• [Input data]:

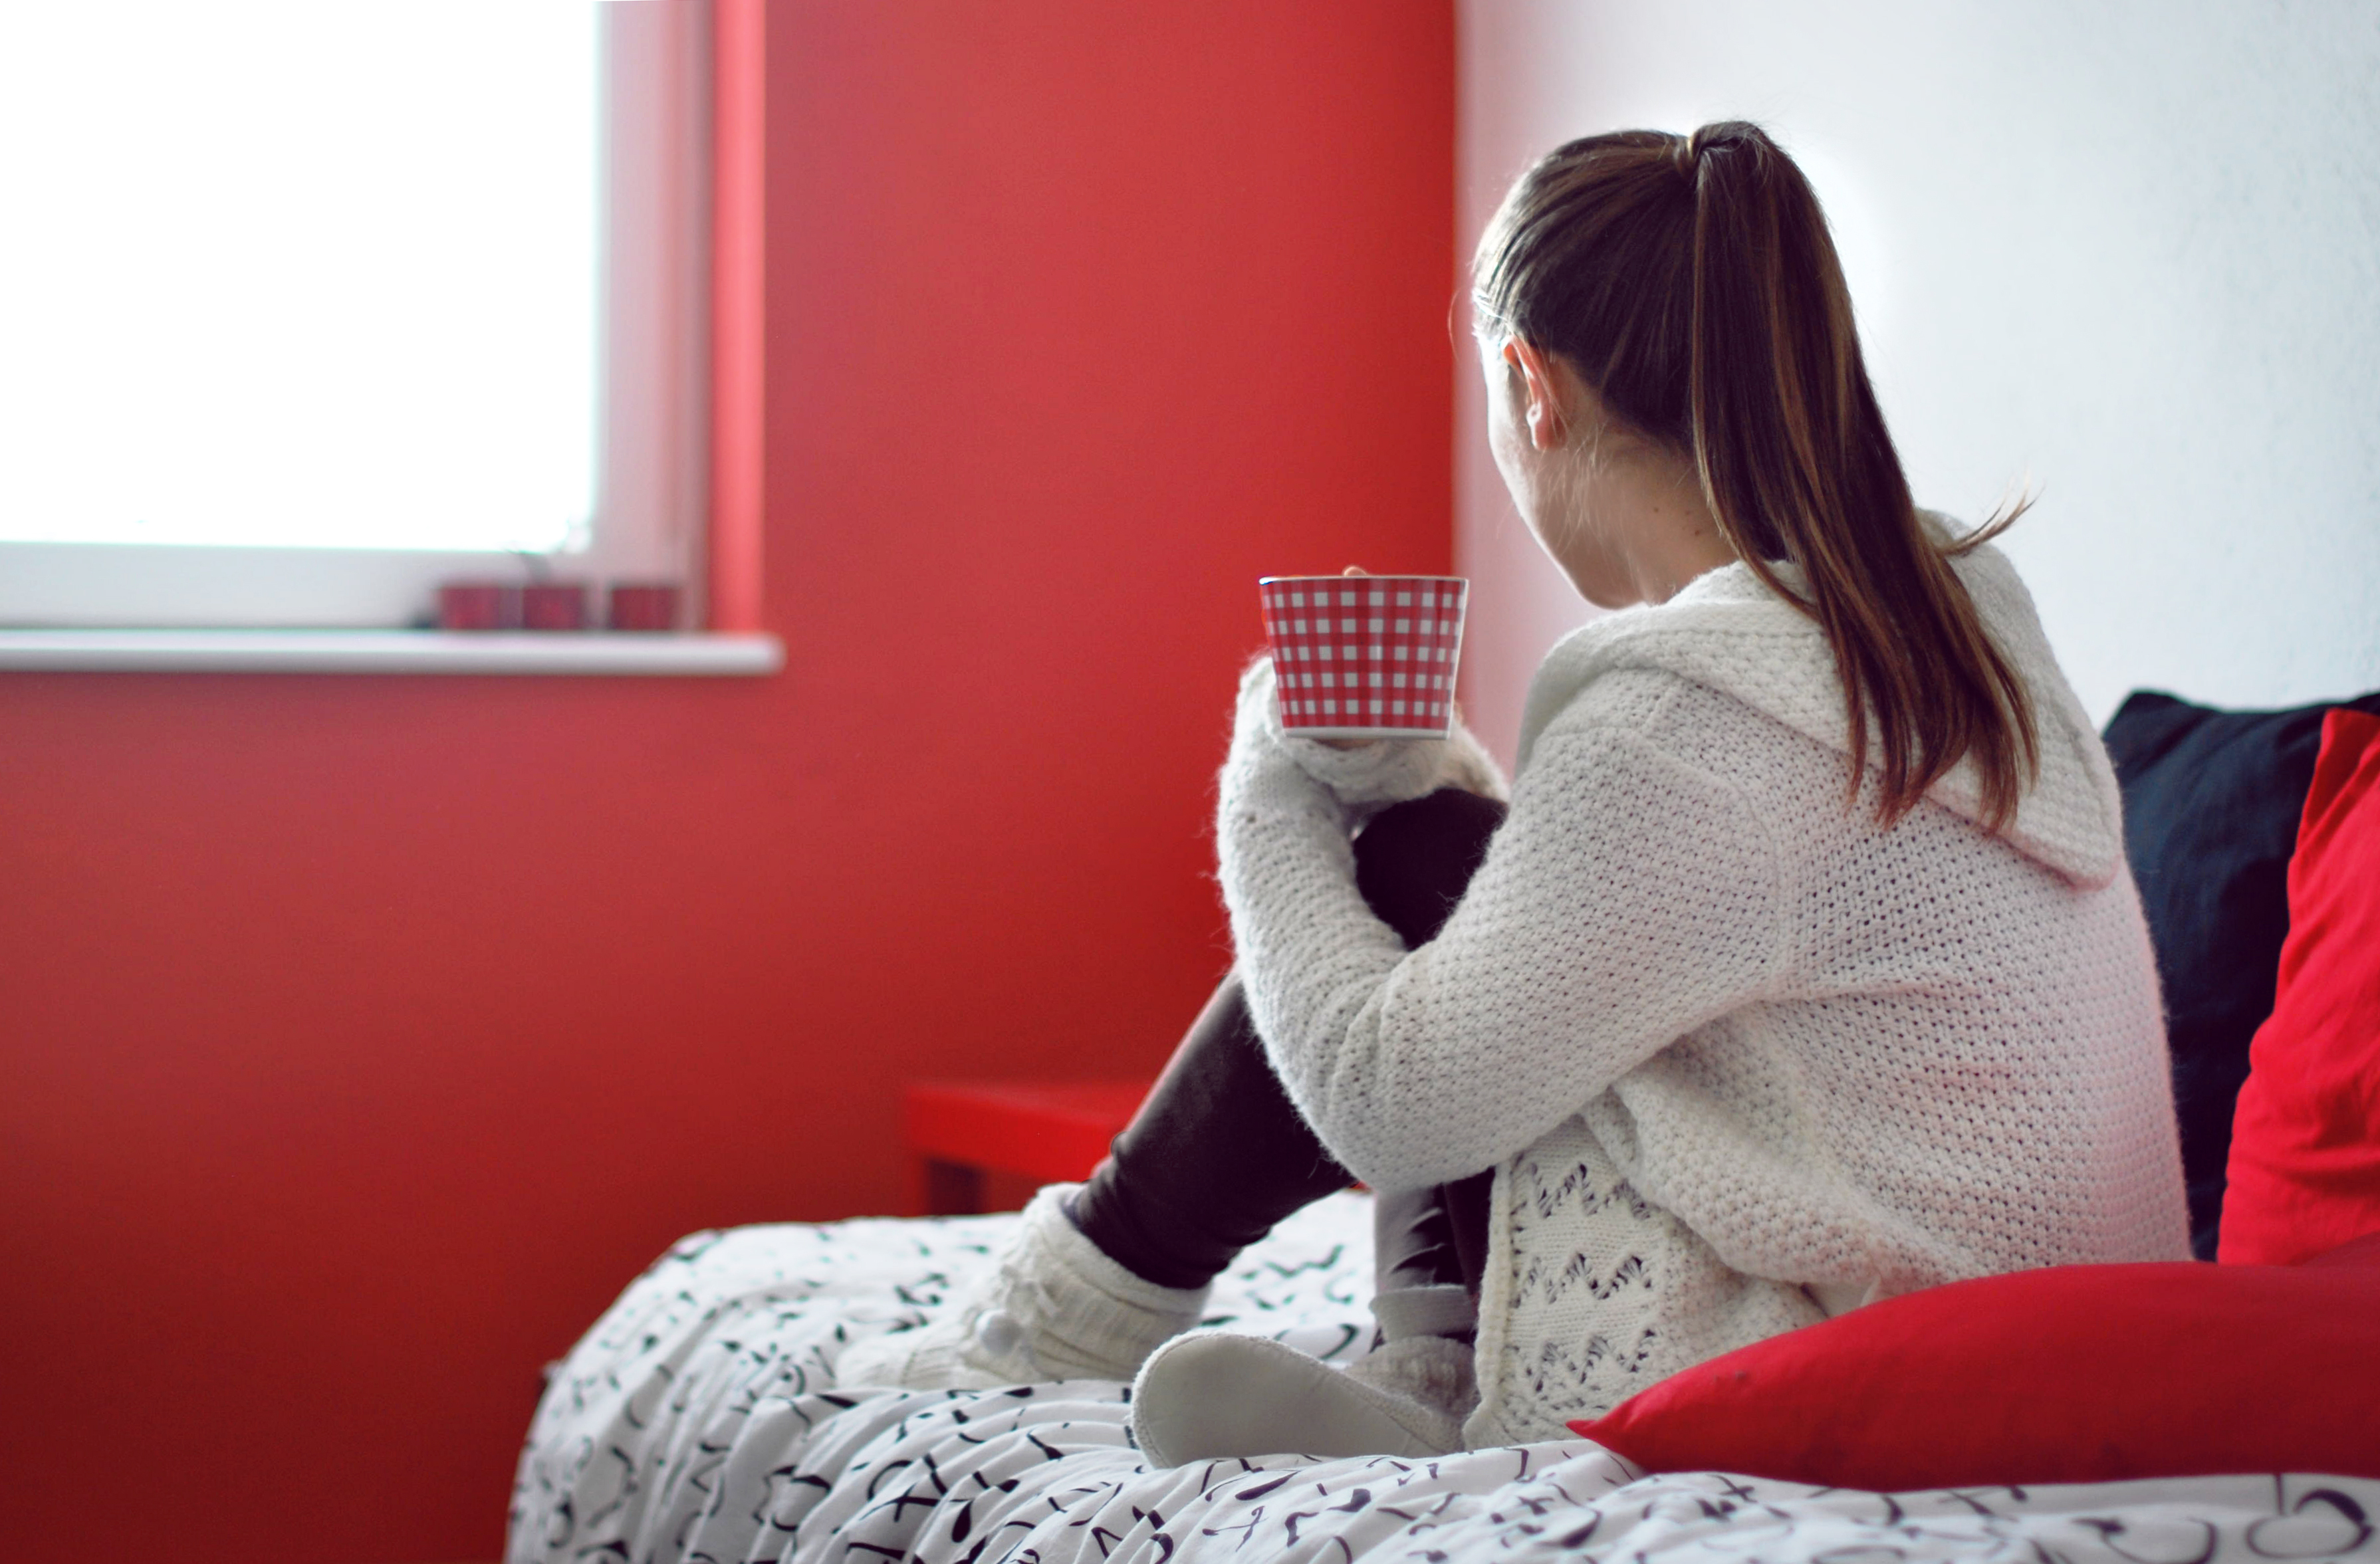 Image: Girl, shirt, sitting, mug, back, sofa, pillows, red
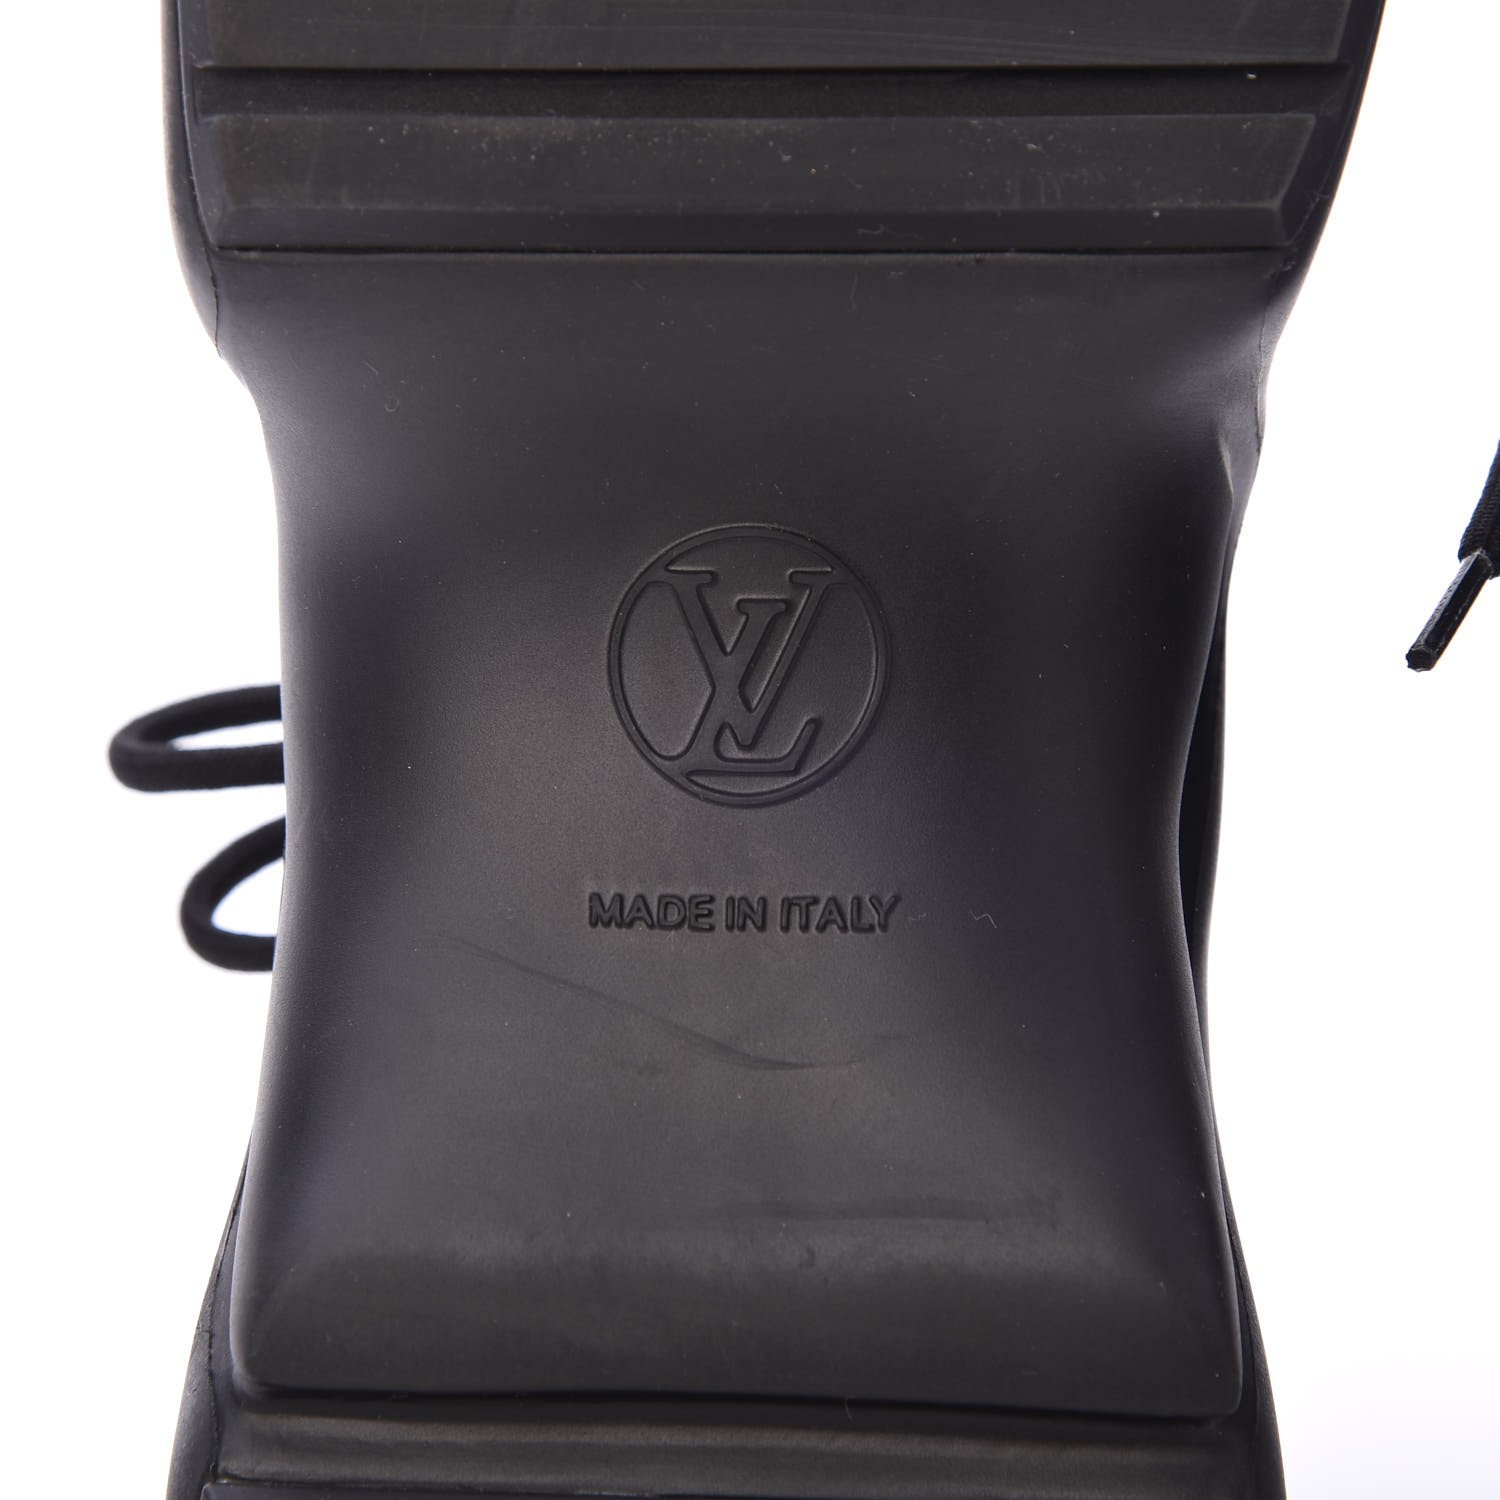 LOUIS VUITTON Calfskin Technical Nylon LV Archlight Sneaker 37
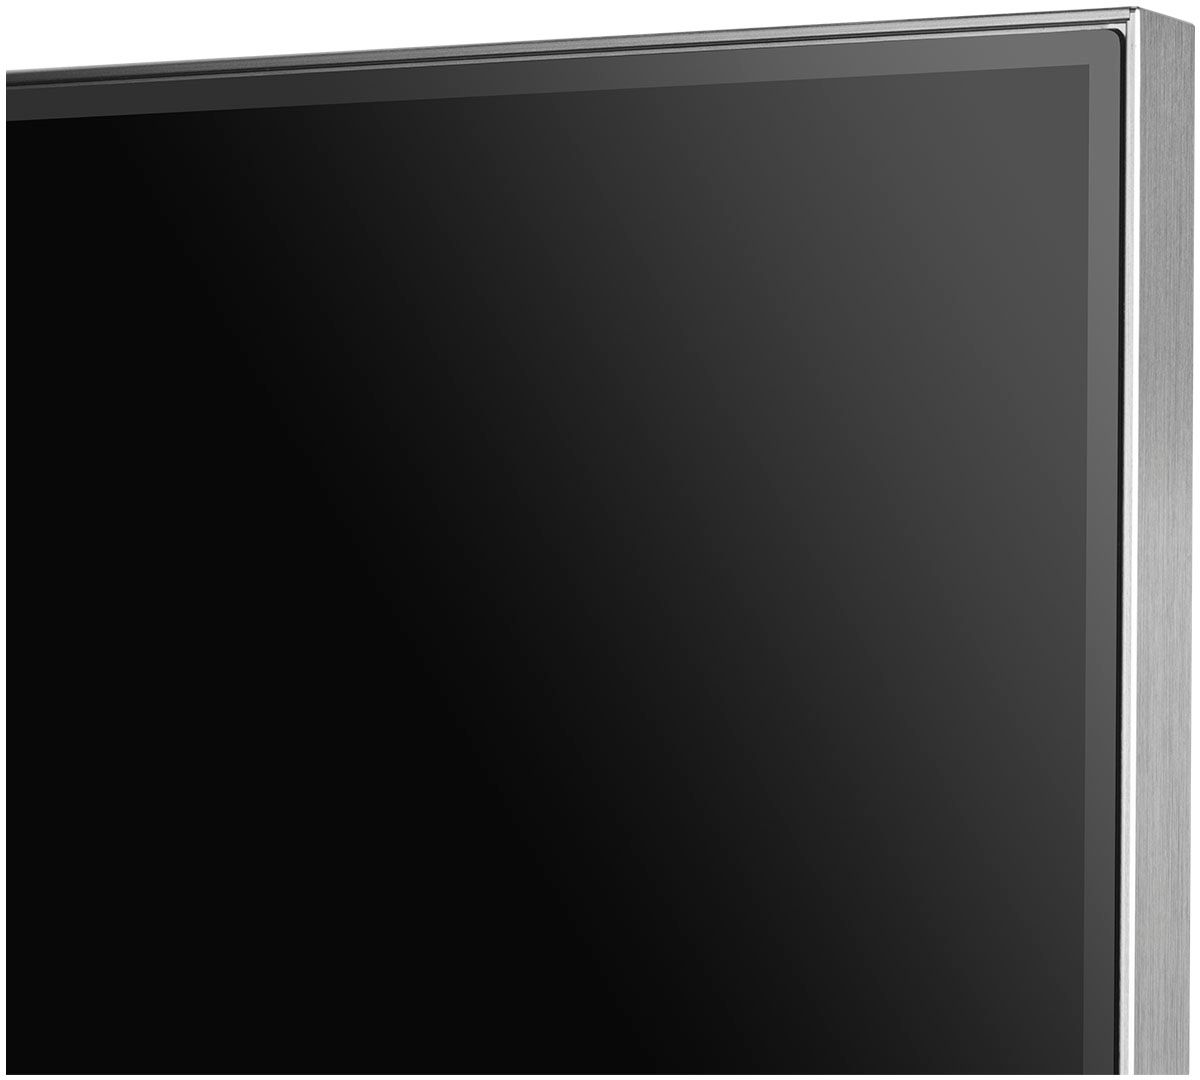 Dolby 55R635 4K UHD 55” Mini-LED Roku QLED Buy: HDR Class 6-Series Vision TCL Smart TV Best

• [Exercise brief]:
Transcribe the full listing exactly, but keep every image out of it.

• [Written reply]:
 Image: Girl, shirt, sitting, mug, back, sofa, pillows, red
 LOUIS VUITTON Calfskin Technical Nylon LV Archlight Sneaker 37
 Dolby 55R635 4K UHD 55” Mini-LED Roku QLED Buy: HDR Class 6-Series Vision TCL Smart TV Best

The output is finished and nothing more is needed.